每台机器的进程平均运行时间
题目
1661. 每台机器的进程平均运行时间 - 力扣(LeetCode)
思路
首先应该了解下面几个函数
- round:把数值字段舍入为指定的小数位数
- avg:用于计算一组值或表达式的平均值
然后将activity根据题目要求连接起来
代码
sql
# Write your MySQL query statement below
select a.machine_id,
round(avg(a.timestamp-b.timestamp),3) as processing_time
from Activity as a
join Activity as b
on a.machine_id=b.machine_id
and a.process_id=b.process_id
and b.activity_type = 'start'
and a.activity_type = 'end'
group by a.machine_id
员工奖金
题目
思路
注意点在于不能写成b.bonus = null而要写成b.bonus is null
代码
sql
# Write your MySQL query statement below
select e.name,b.bonus
from employee as e
left join bonus as b
on e.empId=b.empId
where b.bonus<1000
or b.bonus is null
学生们参加各科测试的次数
题目
1280. 学生们参加各科测试的次数 - 力扣(LeetCode)
思路
- Student表和Subjects表进行笛卡尔积连接(在第一点的基础上拼接Examinations中的每个学生参加每门科目的数量。

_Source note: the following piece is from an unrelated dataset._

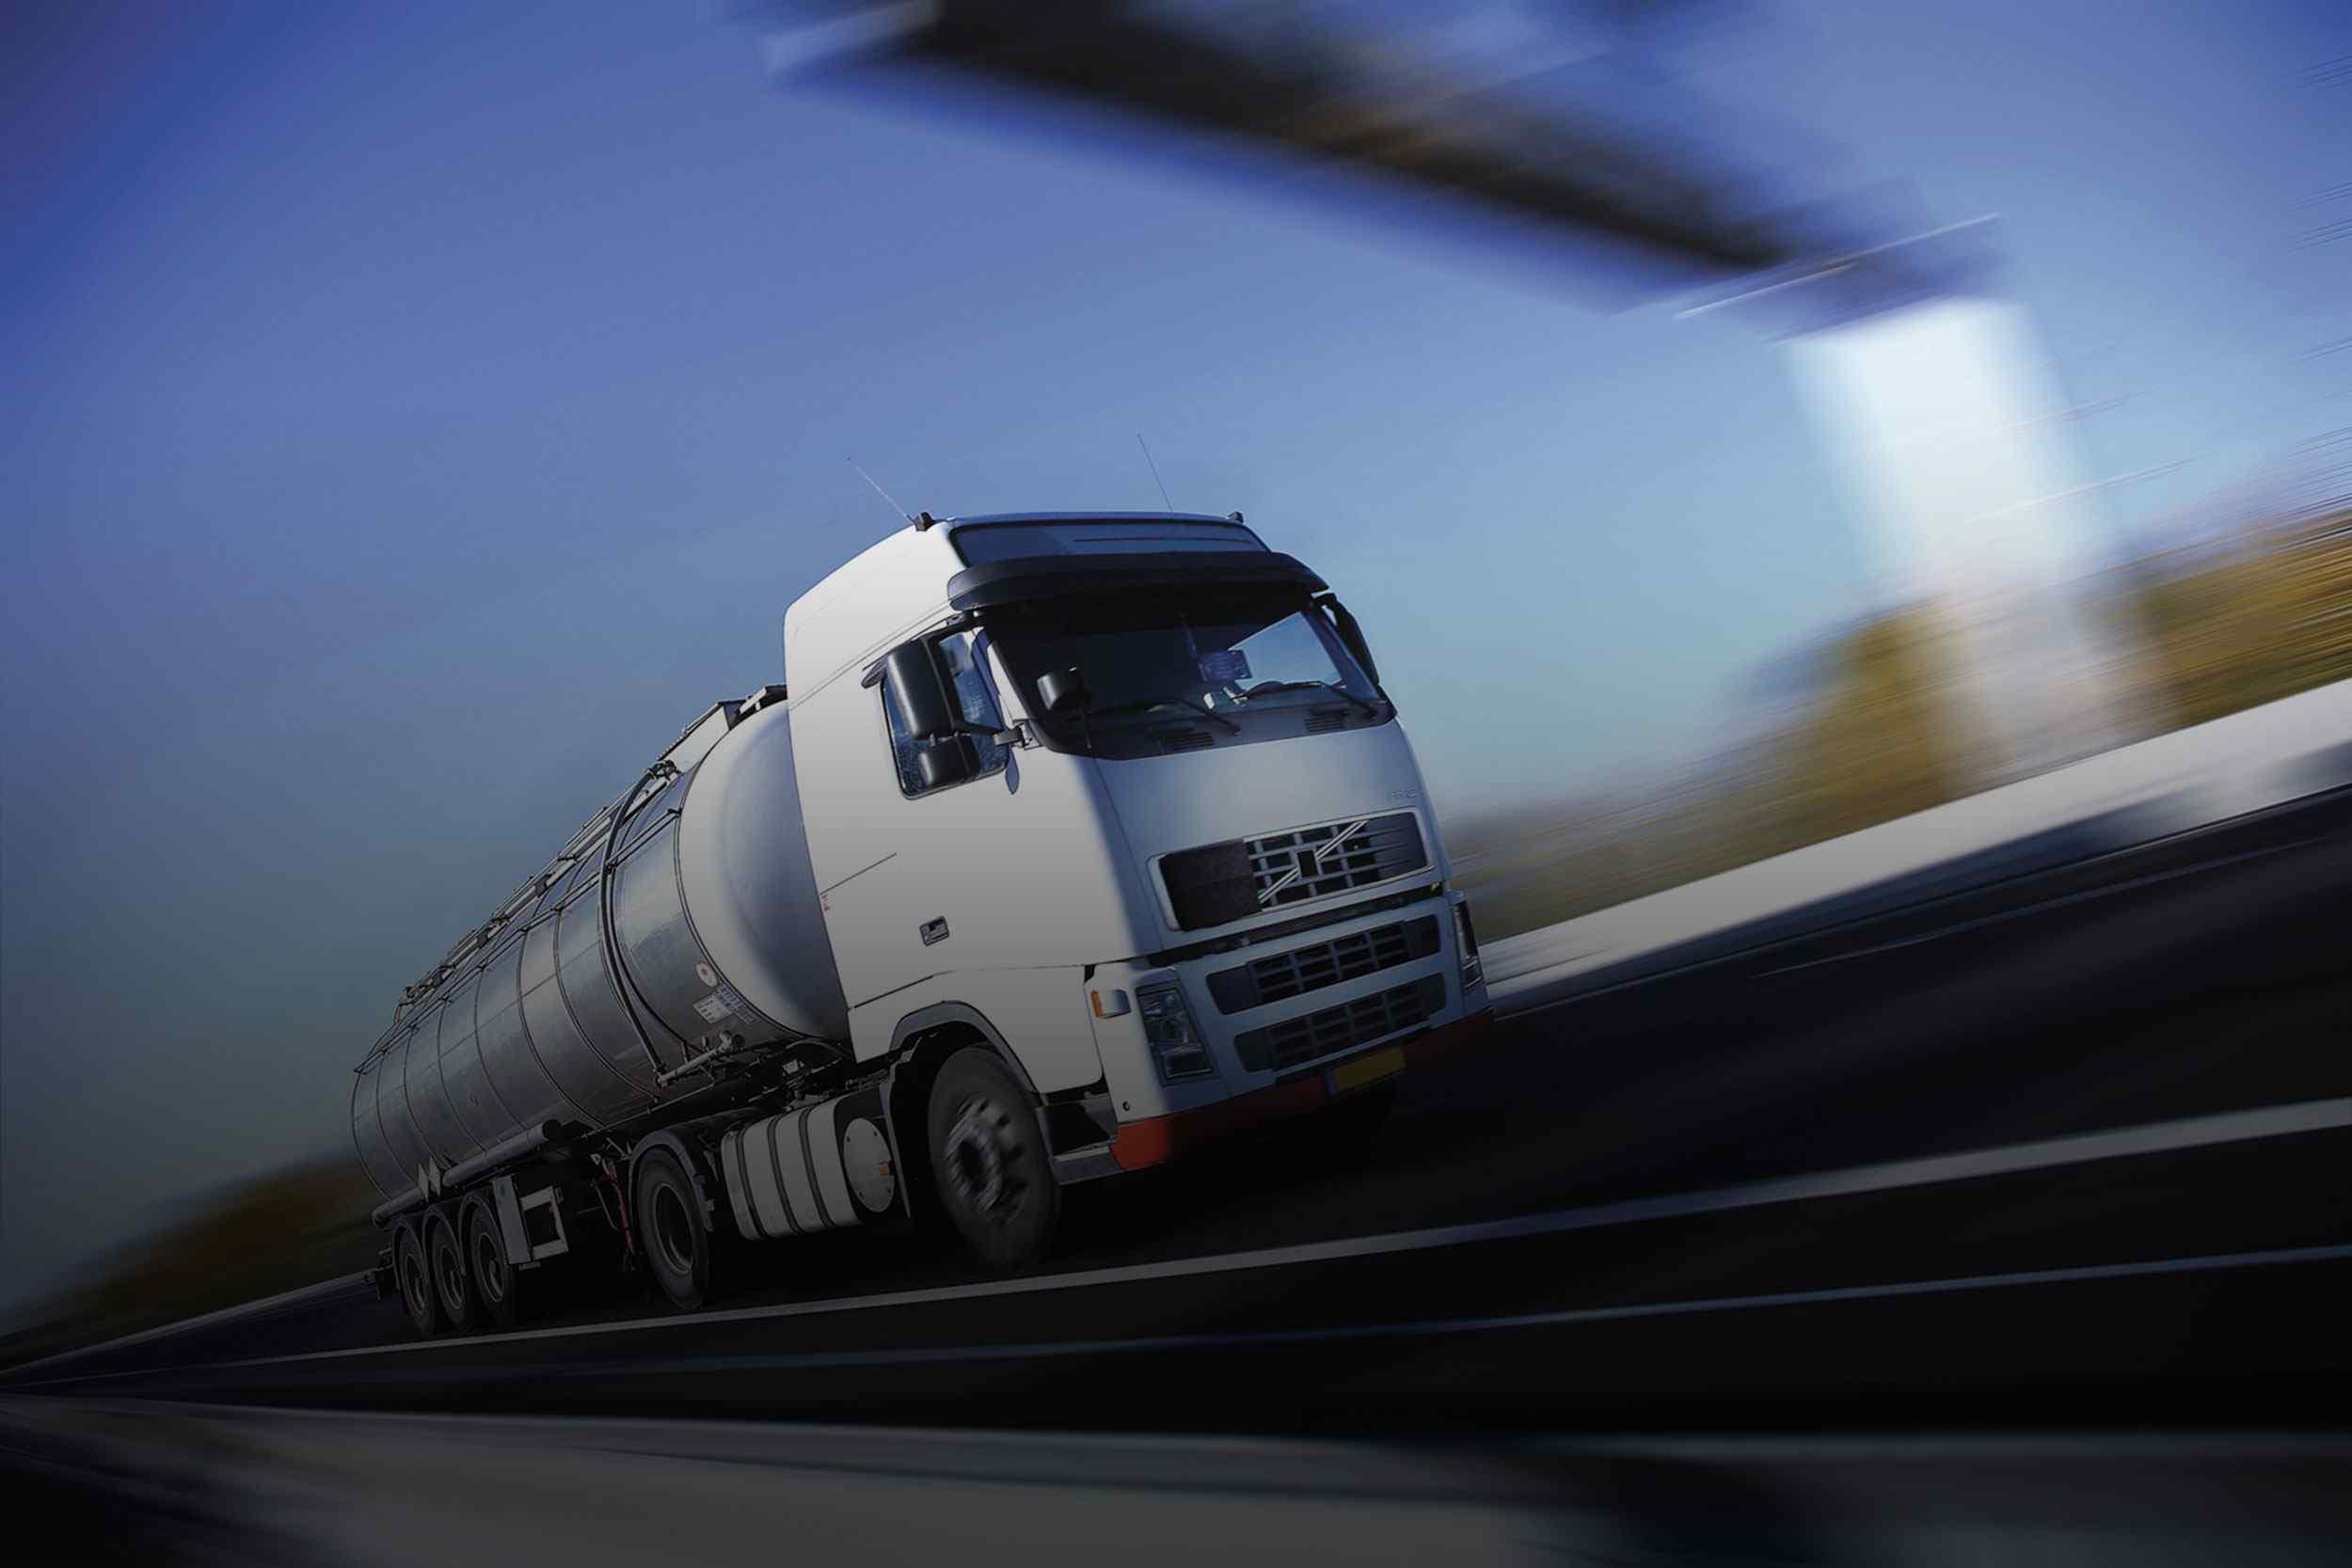 http://shadowtrans.co.za/wp-content/uploads/2015/09/White-Truck-single.jpg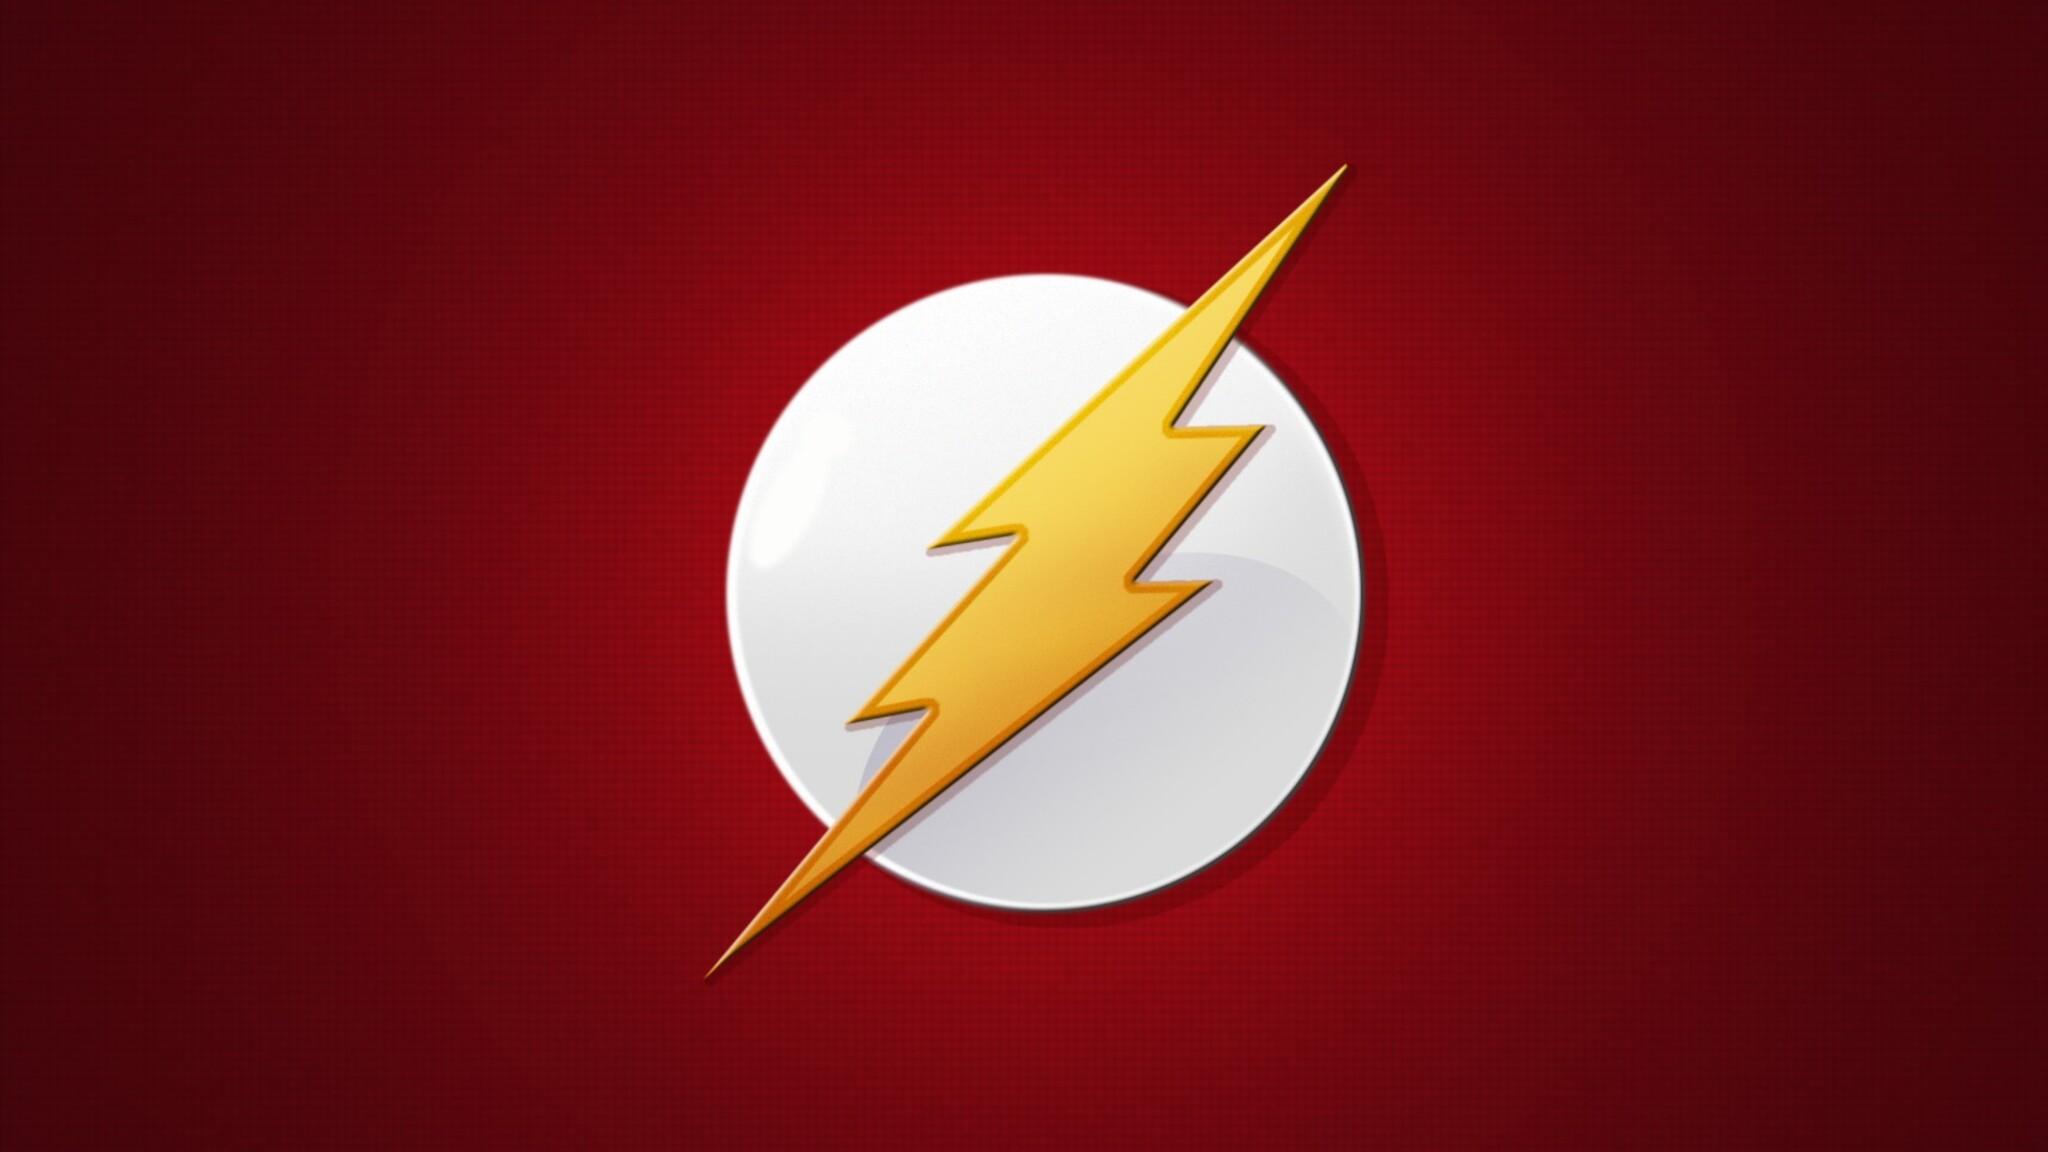 2048x1152 the flash logo 2048x1152 resolution hd 4k

- 学生名单必须完整,在Examinations表中不存在则为0。所以使用左连接LEFT JOIN进行连接
代码
sql
# Write your MySQL query statement below
select s.student_id,s.student_name,su.subject_name,
count(e.subject_name) as attended_exams
from students as s
join subjects as su
left join examinations as e
on s.student_id=e.student_id
and e.subject_name = su.subject_name
group by s.student_name,su.subject_name
order by s.student_id,su.subject_name
至少有五名直接下属的经理
题目
570. 至少有5名直接下属的经理 - 力扣(LeetCode)
思路
使用子查询先找出有五个直接下属的经理id,再找出具体的员工名字
了解having函数
mysql中,当我们用到聚合函数,如sum,count后,又需要筛选条件时,having就派上用场了,因为WHERE是在聚合前筛选记录的,having和group by是组合着用的
注意where之后要用in,不能写等于号
代码
sql
# Write your MySQL query statement below
select name from employee
where id in
(select managerId from employee
group by managerId
having count(managerId)>=5)
确认率
题目
思路
主要在于avg函数的应用
ifnull函数:把null值转化成对应的值
代码
sql
# Write your MySQL query statement below
select
s.user_id,
ROUND(IFNULL(AVG(c.action='confirmed'), 0), 2) AS confirmation_rate
from
Signups as s
left join
Confirmations as c
on
s.user_id = c.user_id
group by
s.user_id